Design is created and given away, communication is disseminated, our work is absorbed and if successful enmeshed in humanity. It is sacrificial. I am a designer, but first and foremost I am a public servant.

It wasn’t until my first year at Memphis College of Art that I realized I hadn’t been drawing my dad’s race cars, but I had been (re)designing them — exploring compositions with the numerals 7 and 6 and sponsor logos galore wrapping around the the dented metallic frame organically warping and compressing with each Friday night event.

In 1991 I earned my BFA alongside an obsessively driven and competitive band of studio mates. After a year of working at a local ad agency I predictably abandoned advertising and I fell in love with editorial design and took a job at a national publishing company that was the first to deliver completely digital design and prepress services. Other jobs merged career and relevancy, e.g. posters and website for The Jazz foundation of Memphis and creative direction of the publication Number: An Independent Quarterly of the Visual Arts, to name a few.

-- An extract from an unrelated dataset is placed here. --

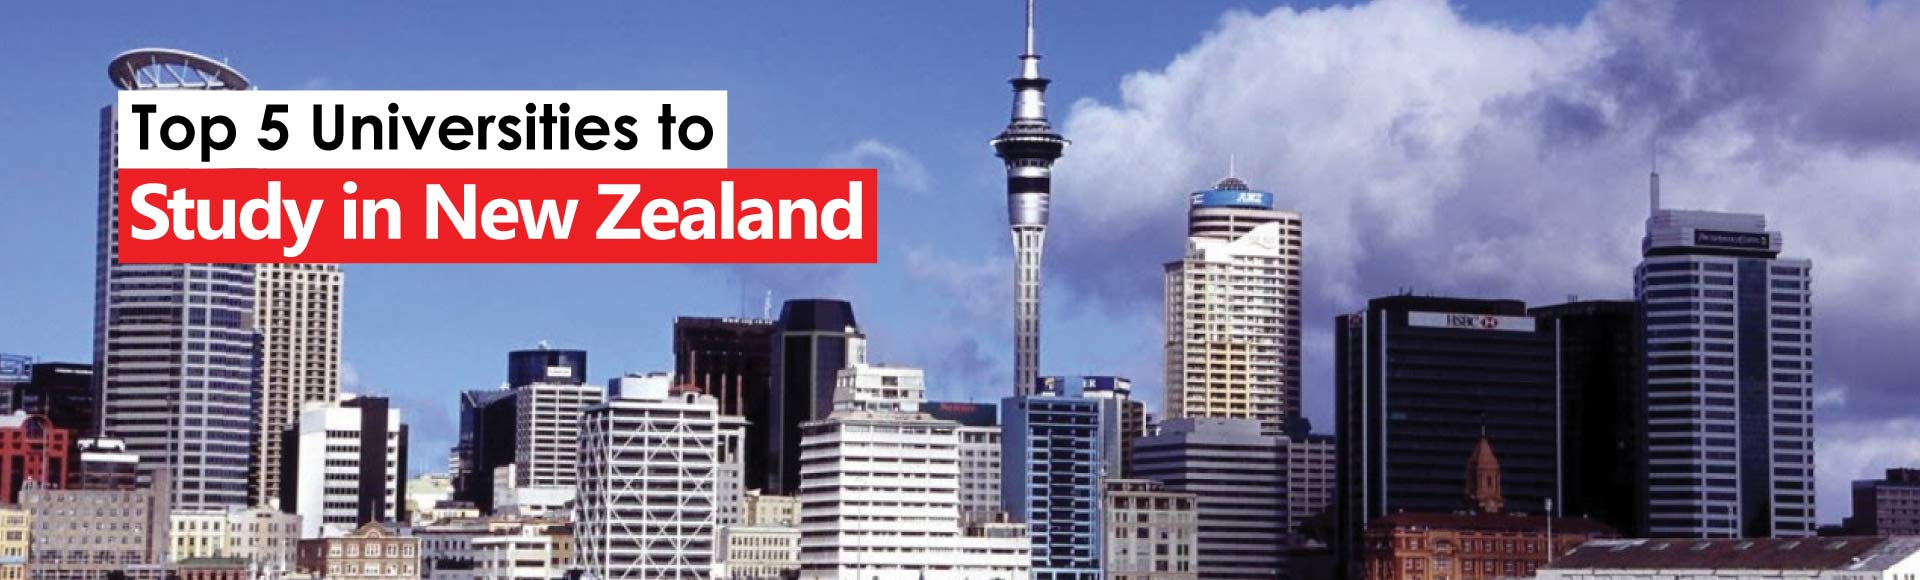 Top 5 Universities to Study in New Zealand

Looking to take the next logical step following the leap from artist in town of 13,000 to designer in city of 700,000, I sought work in Chicago, city of 6,000,000. I not only had deep family ties to the city but long saw myself as working best from within an atmosphere were everything was fair game for inspiration, and the inspiration was limitless. The buzzword was “new media” and I came face to face with the CEO of every major corporation, hesitant but wide-eyed, ready to cash in. But after leaving an impressive but bloated agency, I and six partners found the internet to be a tool for serving as much as selling.

Taking my career to the level of a calling, I still find the challenges of modernity a novel pursuit. Design is created and given away, communication is disseminated, our work is absorbed and if successful enmeshed in humanity. It is sacrificial. I am a designer, but first and foremost I am a public servant.

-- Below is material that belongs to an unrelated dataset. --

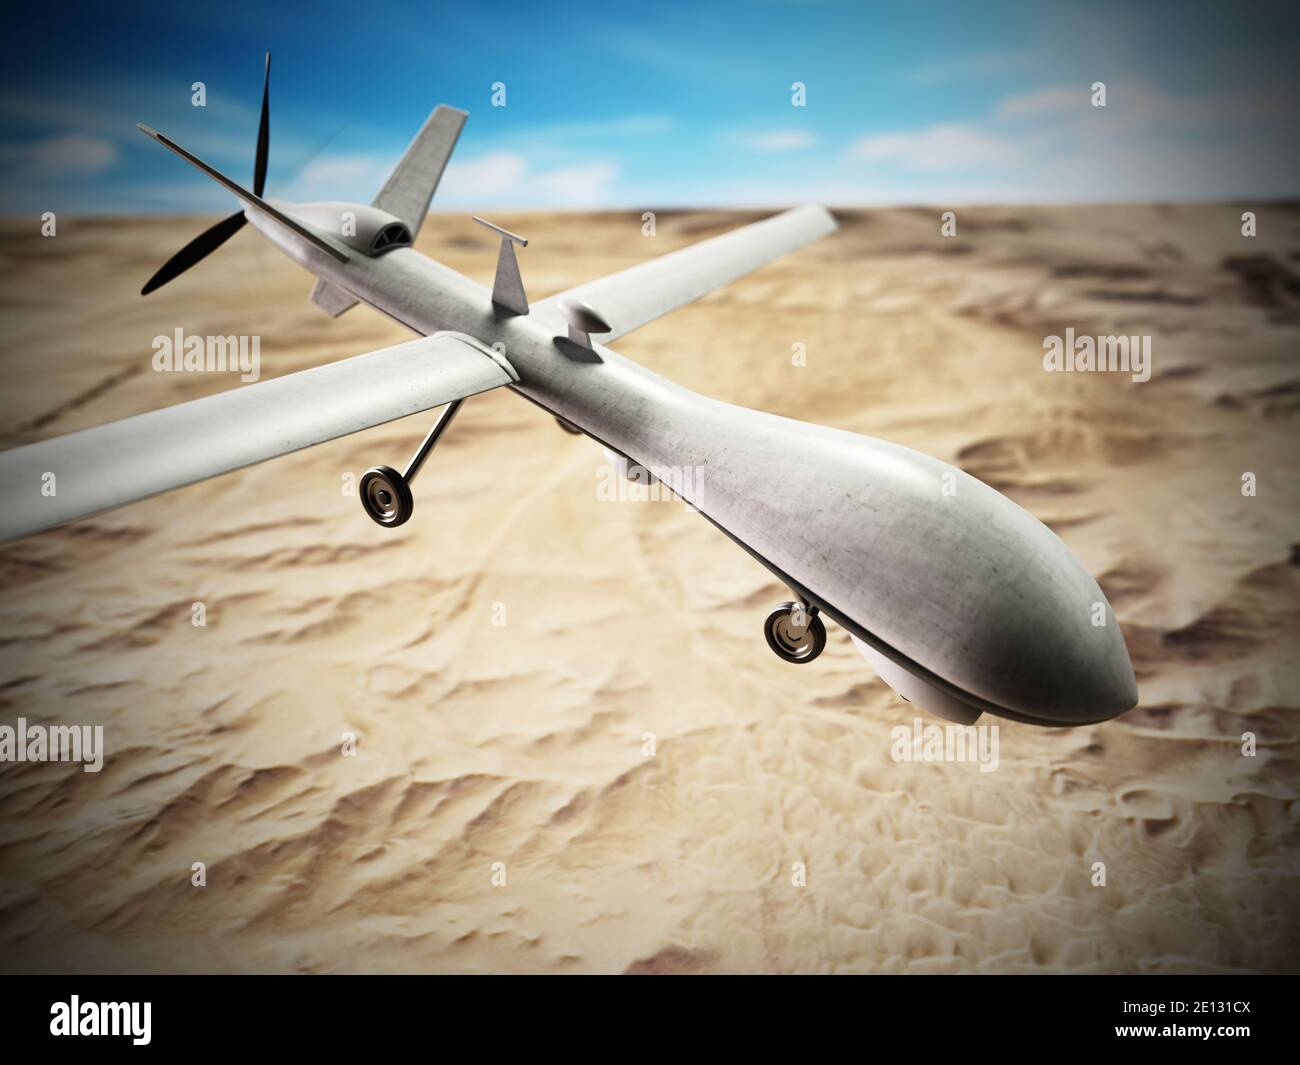 Un drone militaire blanc sans pilote dans les airs. Illustration 3D. Banque D'Images

Frankendesign is a 15-year and ongoing collaboration of graphic designers Michael Forsythe and David Thompson.

Although content on this web site may be disproportionally not about graphic design, it is about the dissemination of information, a sine qua non of graphic design.

‘Frankendesign’ is a common term used to describe the dysfunctional array of aesthetics being broadcast to a public indifferent to where the information originates and how it is delivered. Furthermore, most frankendesign is created by this very public, unknowingly promoting the abuse of misinformation and misrepresentation by gleaning the junkyards of discarded graphic design absent of context and void of purpose.

Partly in jest, we adorn this moniker as we feed the gutless industry which subjugates itself to its own demise. On the other hand, the individual efforts as well as collaborations of Frankendesign serve as a collective creative outlet for the experimental as well as the proven techniques and aesthetics of our industry—an industry which does little to embrace the educational essence of communication and the inherent humanity in art. Within our own industry, we create frankendesign.